While United’s finances suffered, the success of the squad continued. The 2010/11 saw United clinch their 19th title, overtaking their adversary in Liverpool. Just two years later, United were Premier League champions again, by a romping 11 point margin. However, their emphatic title win was overshadowed by the departure of their illustrious manager, Sir Alex Ferguson. Equally damaging to United was the exit of the Red Devils’ chief executive, David Gill.

As a result, Everton manager David Moyes was appointed as the first post-Ferguson manager, and Ed Woodward was promoted to the position of Chief executive. These two devastating departures came to the fore in September 2013 when David Moyes obtained only a singular signing, the Belgian midfielder Marouane Fellaini. A combination of a lack of transfer activity and the perceived incompetence of both Woodward and Moyes resulted in a disastrous seventh-placed finish for United, their lowest for 26 years.

In the aftermath of a car crash of a season, questions were once again asked regarding the lack of investment from the Glazer family. However, upon the arrival of Louis Van Gaal, United spent big in the window. A total of £175 million was injected into the squad, with big name signings such as Angel Di Maria and Radamel Falcao representing a real statement of intent from United.

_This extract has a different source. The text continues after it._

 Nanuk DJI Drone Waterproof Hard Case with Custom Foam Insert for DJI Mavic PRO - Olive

This was a drastic increase in the financial power the Glazers provided, however, the motive surrounding it was questionable. It could be argued that challenging for titles wasn’t the Glazer’s motivation, but instead obtaining a place in the Champions League. This is due to the financial reward a place in the Champions League provides, illustrated by the fact that qualification for the group stage instantly generates €15 million.

Furthermore, United’s commercial revenue is helped by participation in the Champions League. The notion of the Glazer family settling for Champions League qualification was emphasised by the patterns of spending in the Jose Mourinho era. In Mourinho’s first season in which United did not qualify for the Champions League, £166 million was invested in the market, with United even breaking the world transfer record to sign Paul Pogba.

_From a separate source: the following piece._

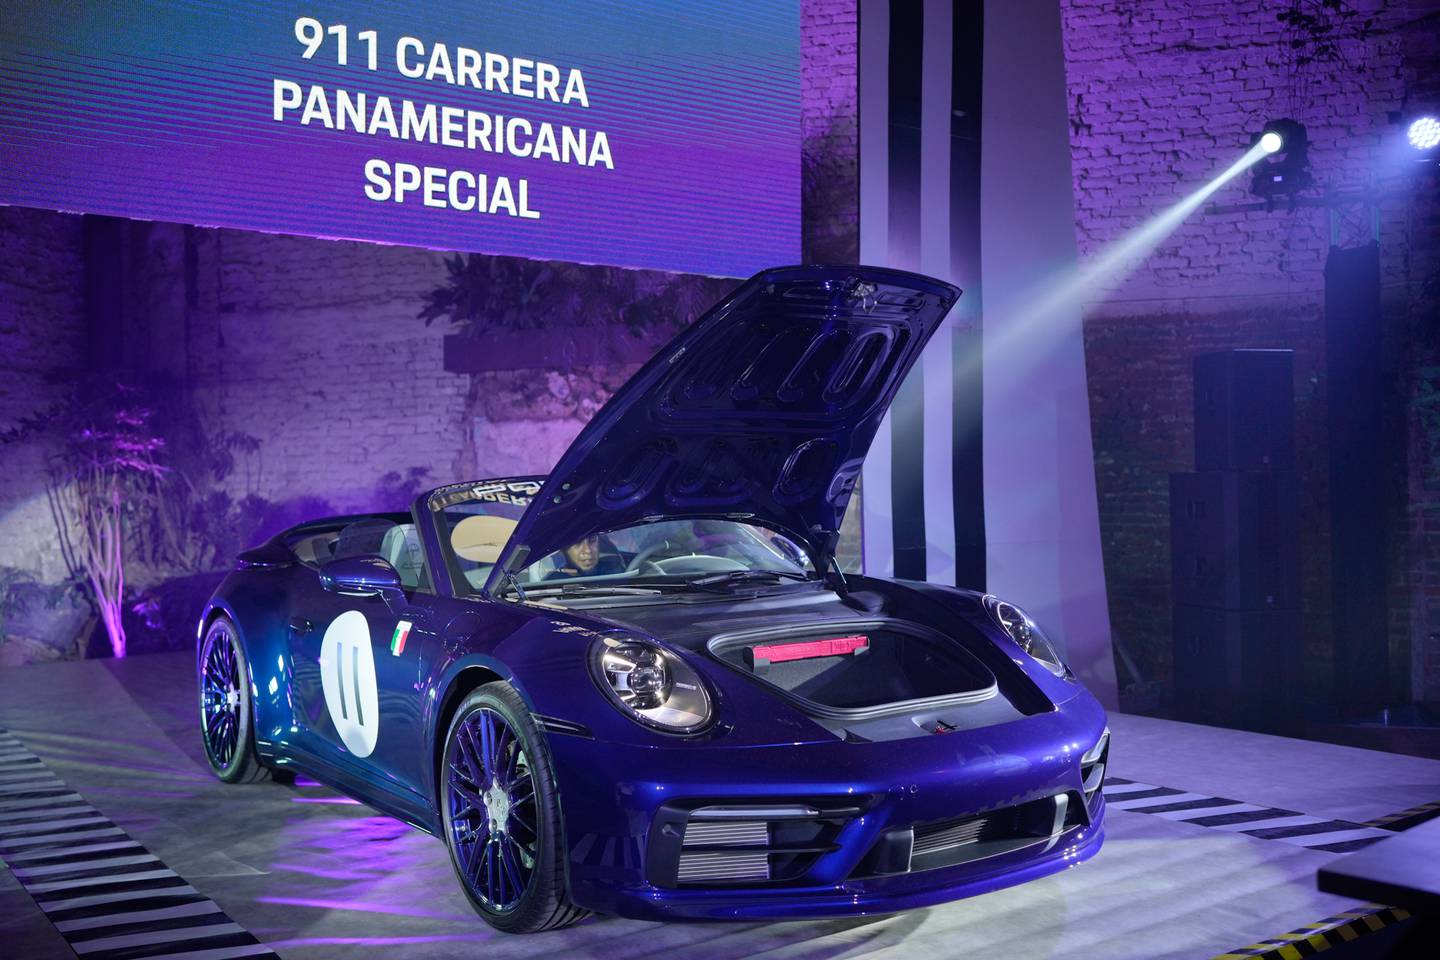 Porsche 911 Carrera Panamericana Special será subastado

However, two years later, following a respectable second place finish, Mourinho was only provided with £74 million. This was in spite of United’s desperate need for a centre half, which Mourinho passionately outlined on many occasions. As a result of United’s failure to purchase a centre-back, Mourinho grew increasingly disillusioned and departed the club just four months into the season. The lack of a centre half’s arrival also confirmed to the notion that Ed Woodward was purely interested in signings that generated sponsorship revenue, which was emphasised by the pursuit of Raphael Varane.

The evidence of the last 14 years of the Glazer family’s ownership of Manchester United suggests there is a tangible need for change. The ‘#GlazerOut’ movement has gained significant traction in recent weeks, and the sentiment behind it is entirely justified. While the Glazer family is at the helm, it seems inconceivable that United will challenge for illustrious silverware such as the Premier League and the Champions League.

While United’s arch-rivals Manchester City and Liverpool are obtaining the most coveted trophies, Manchester United are falling into an abyss of mediocrity. The anti-Glazer movement must continue to be substantial, otherwise, the soul of Manchester United may be irreparably damaged.